Did you update the system recently? Did you change anything in your box?

Regards!

stevensedory · January 26, 2018, 6:30pm

Yes.

We recently read that on proxmox, which is where we have about 10 FreePBX distro VMs, the default processor type “kvm64” is essentially equivalent to a Pentium 4 in it’s CPU flag set.

We changed all our VMs to the “host” processor type, as we aren’t doing live migrations. We saw a huge drop in CPU load on all processes within the VMs after we did this.

Probably four hours later, all these FRACKs started, but just on one of the 10 VMs.

As I mentioned near or at the top of this post, we have only had this issue on servers that use TCP for SIP, and a non standard port (not 5060). Our UDP servers have never had the issue. That said, from the several months of research and feedback from experts, that shouldn’t matter. We strongly prefer TCP and the non standard port for security and NAT traversal.
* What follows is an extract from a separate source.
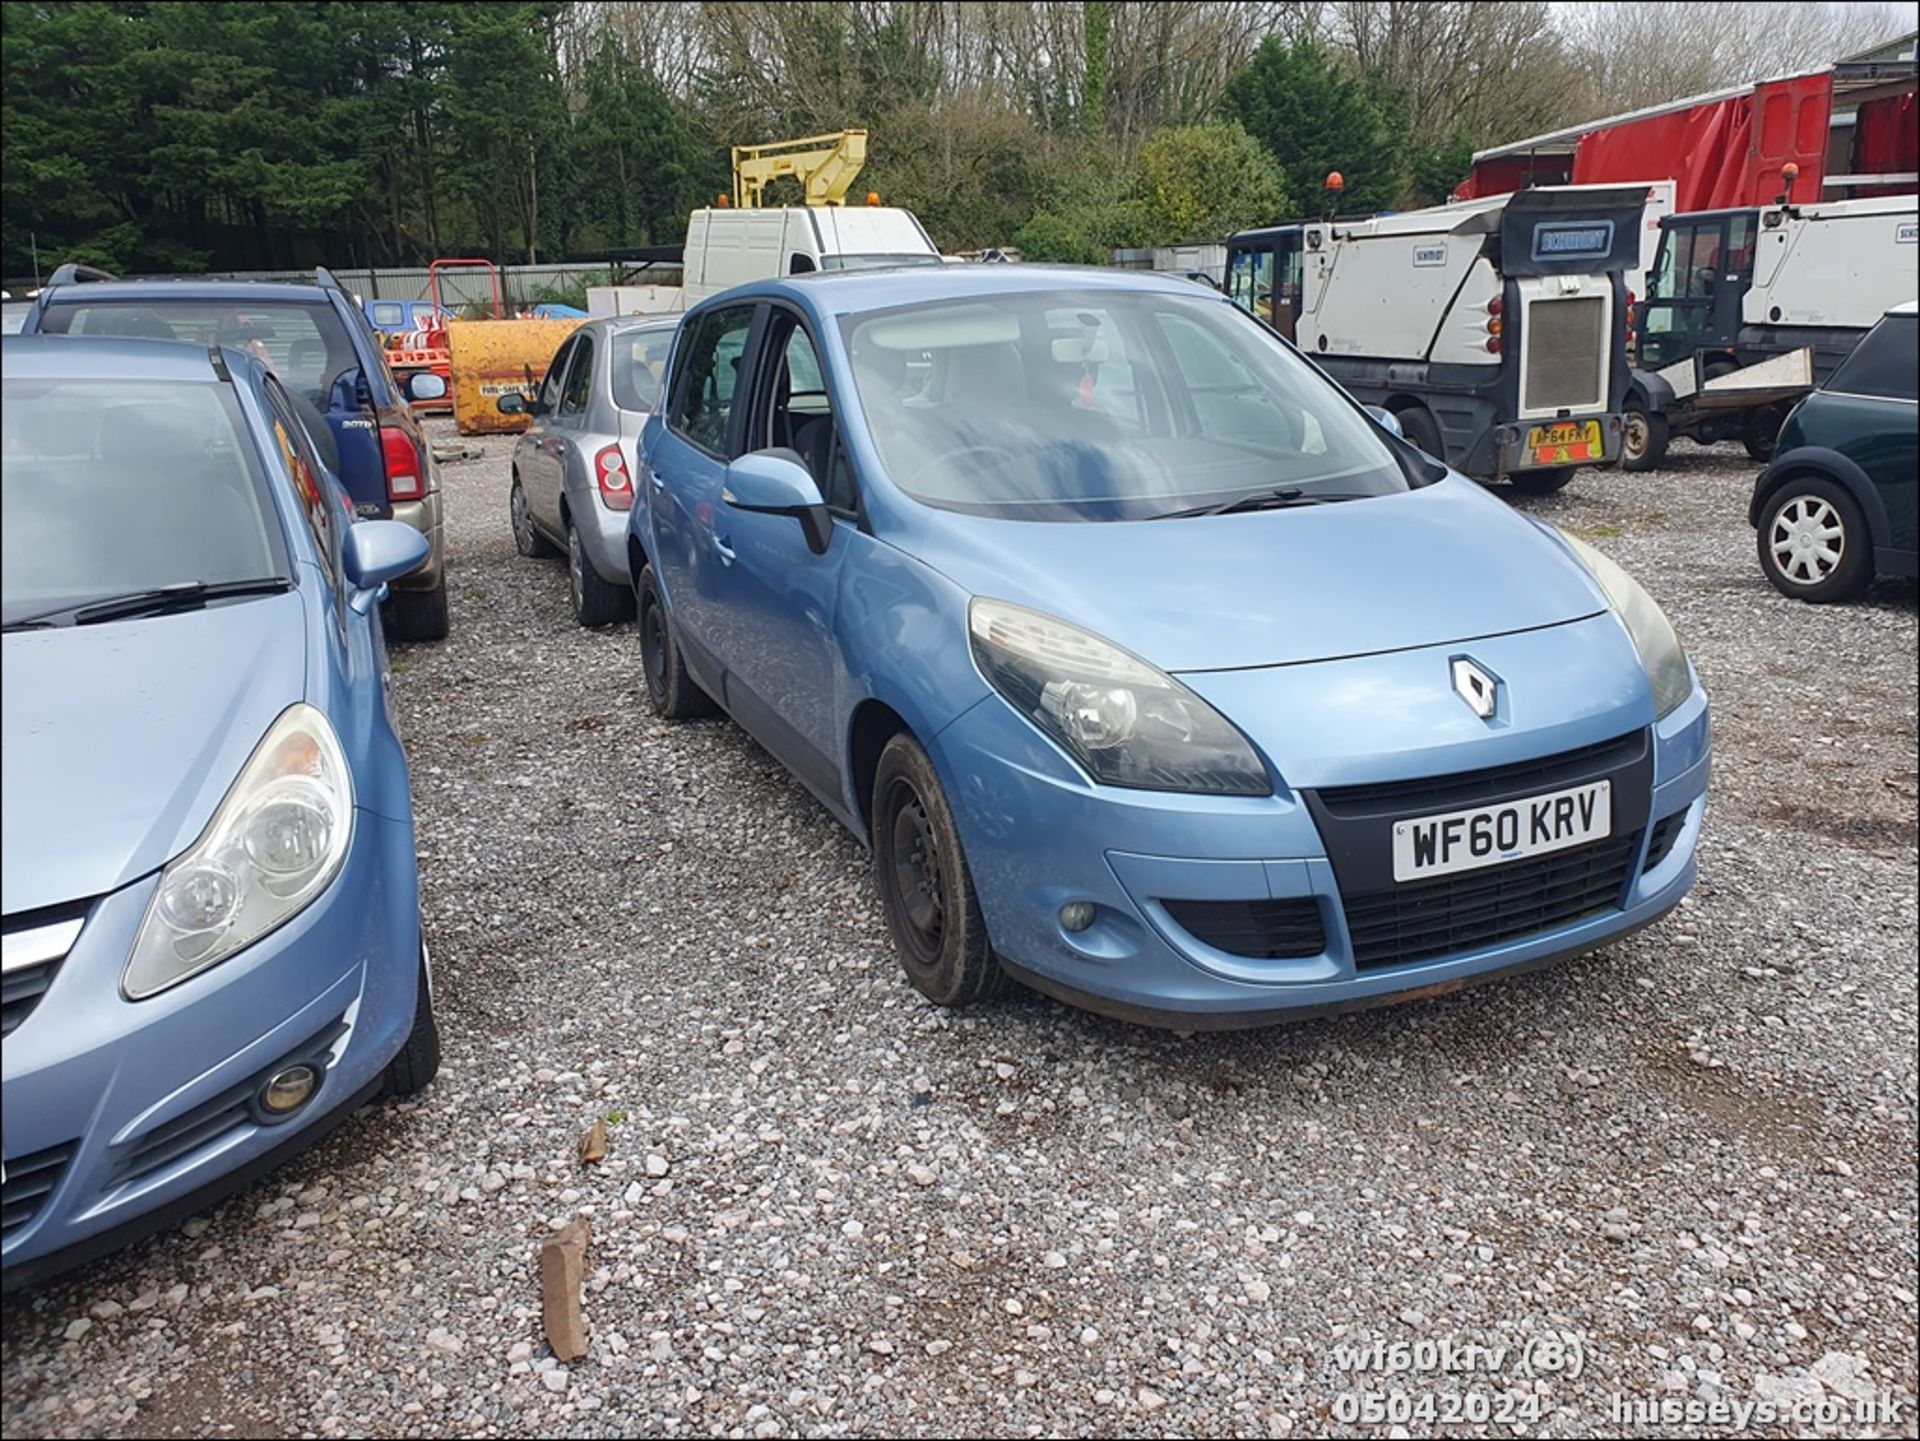 10/60 RENAULT SCENIC EXPRESSION DCI 105 - 1461cc 5dr MPV (Blue) - Image 9 of 50

EDIT: Also, eight or so others of the VMs are setup the same way as the one that crashed, and on the same proxmox host.

CORRECTION: the FRACKs started a little over a day after the processor type change. However, non of the other VMs are having this issue.

stevensedory · January 26, 2018, 9:50pm

So ya, we just keep getting these several times a minute. That said, is there something we can look at or monitor that would help identify the cause, since better backtraces isn’t working?

tm1000 · January 26, 2018, 10:10pm

Better Backtraces IS working. It is compiled into Asterisk as described on their wiki and has been cross referenced by two former Digium employees.

stevensedory · January 26, 2018, 10:48pm

So are we alone it ours not showing proper backtrace information? Or is this true for everyone on the FreePBX distro?